Going NC doesn’t help the upcoming situation. What is to stop him from coming here and showing up at my house to see DS? I need to figure out what to do while he’s here and then deal with the long term after. It’s just so stressful and I don’t know how not to make a misstep and mess up DS or myself.
I’ve even offered to hire a newborn nanny to be with them both so DS is well looked after but he shot that down and honestly it’s probably just me grasping at straws.

OP posts:
niknac1 · 18/08/2018 22:42

If it was me I would not encourage this relationship but it really is your decision alone because you will have to be satisfied you’ve made the right decision. My reasoning would be mine, I would also be reluctant to let him tell my child he wanted to abort him as that isn’t something I would be happy or comfortable with.
If you decide you don’t want him in your child’s life I expect if you stop your side of the communication he won’t be persistent and it will eventually stop. Only you can decide though, I’m not saying my impression is right.

IncrediblySturdyPyjamas · 18/08/2018 22:44

how does he kjow your address?

Can you gomstay with friends the week he is planning on coming over?

AJPTaylor · 18/08/2018 22:44

Can his parents come with him?
You cant leave him alone with ds.
He will probably realise that babies are boring and will never be seen again.
Dont feel its up to you to cajole him into contact.

Longdistance · 18/08/2018 22:44

Why do you keep pushing for contact?

He’s not interested, he’s a grown man. I wouldn’t let him have contact now, if he couldn’t be bothered before.

He adds no advantage to your ds’s life.

NapQueen · 18/08/2018 22:44

Is there anywhere you and ds could go for that week?

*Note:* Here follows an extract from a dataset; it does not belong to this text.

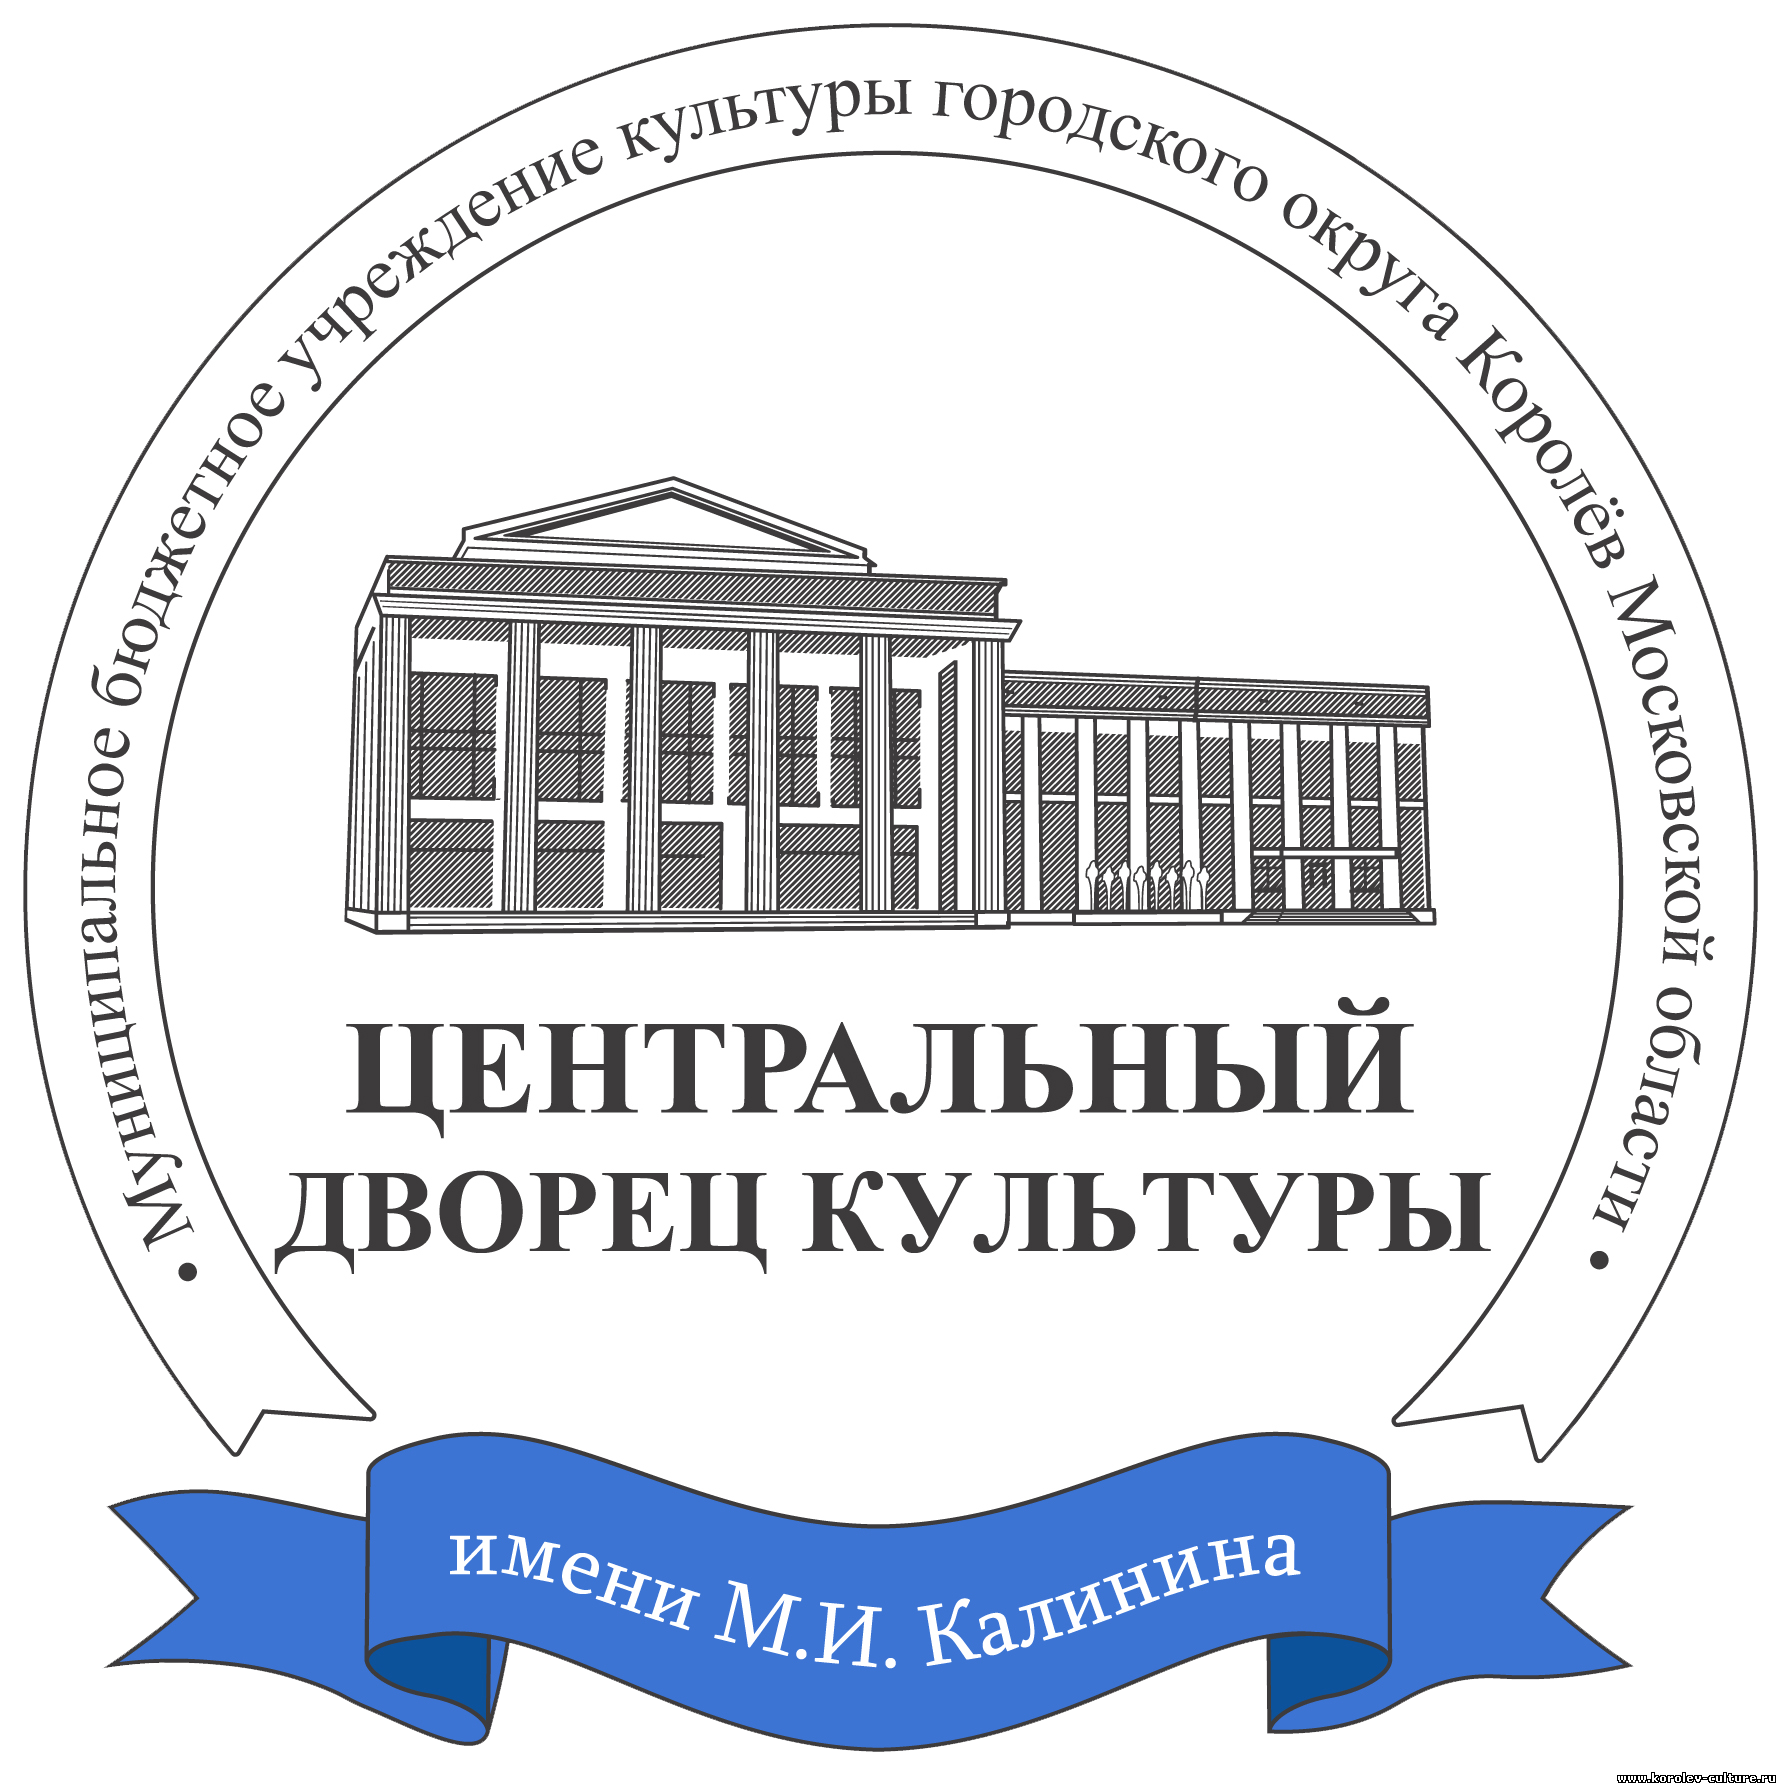 Центральный Дворец культуры им. М.И. Калинина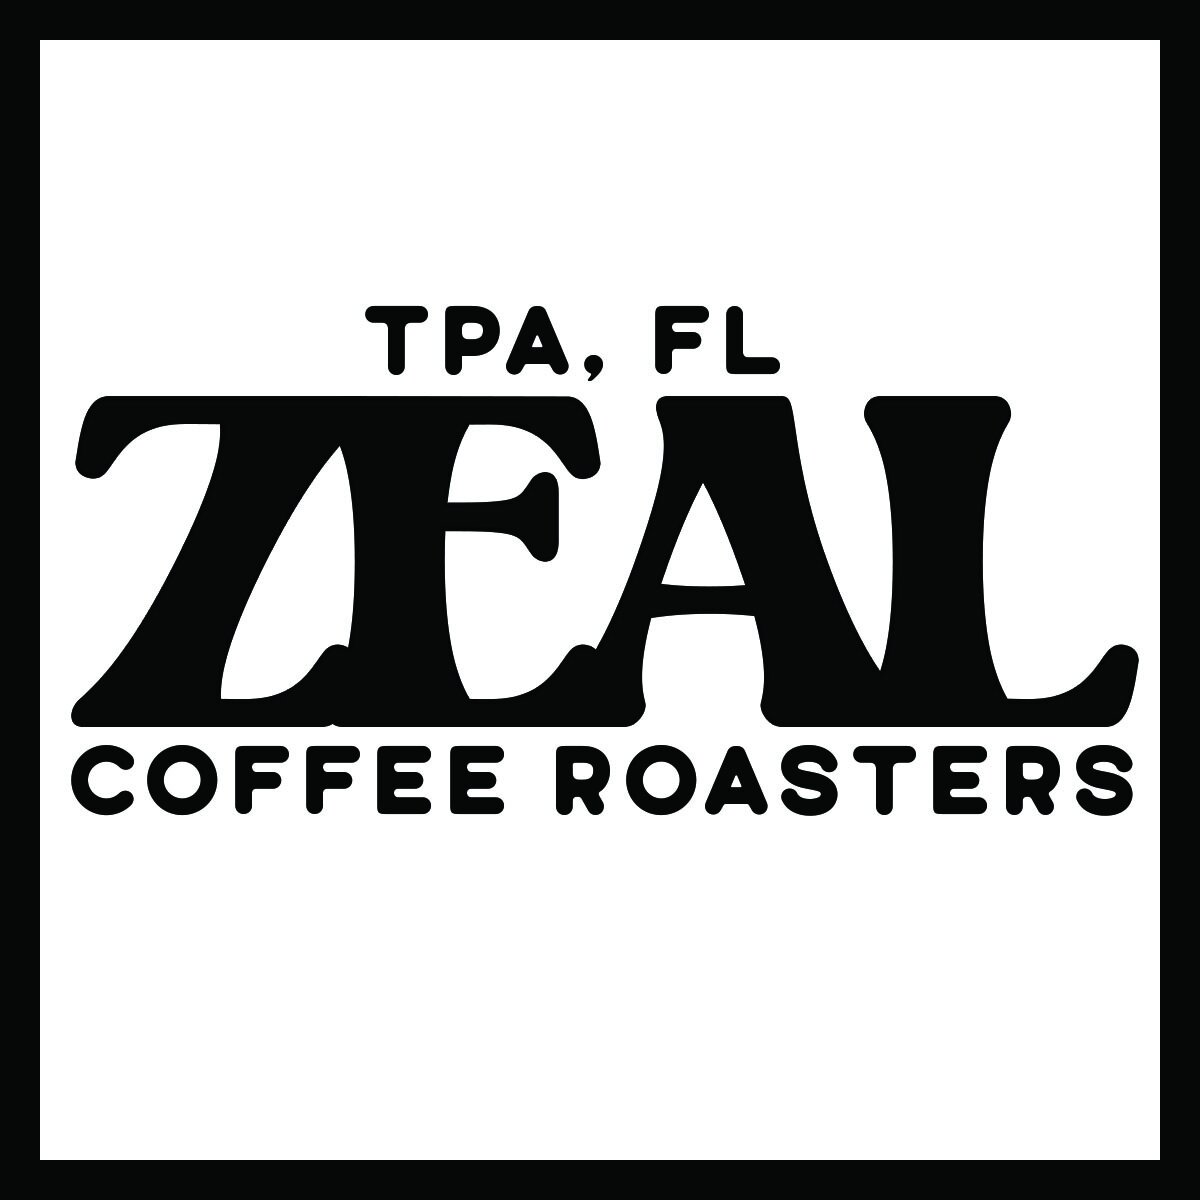 Zeal Coffee Roasters

Just dont be in.

Toofle · 18/08/2018 22:45

Is his name on the birth certificate?

LeroyJenkins · 18/08/2018 22:45

Where are you op?

Branleuse · 18/08/2018 22:46

You do not have to do this

AnneLovesGilbert · 18/08/2018 22:46

You could offer him an hour a day for 3 days of the week he’s here, insist you or someone you nominate is there as well and refuse to discuss anything else.

Or as already suggested, be away and communicate as necessary by email.

MadeForThis · 18/08/2018 22:47

If he shows up you don't have to let him in. You certainly don't have to let him stay for 8 hours. The baby will be sleeping mostly.

Meet him at a park of coffee shop for an hour or so each day.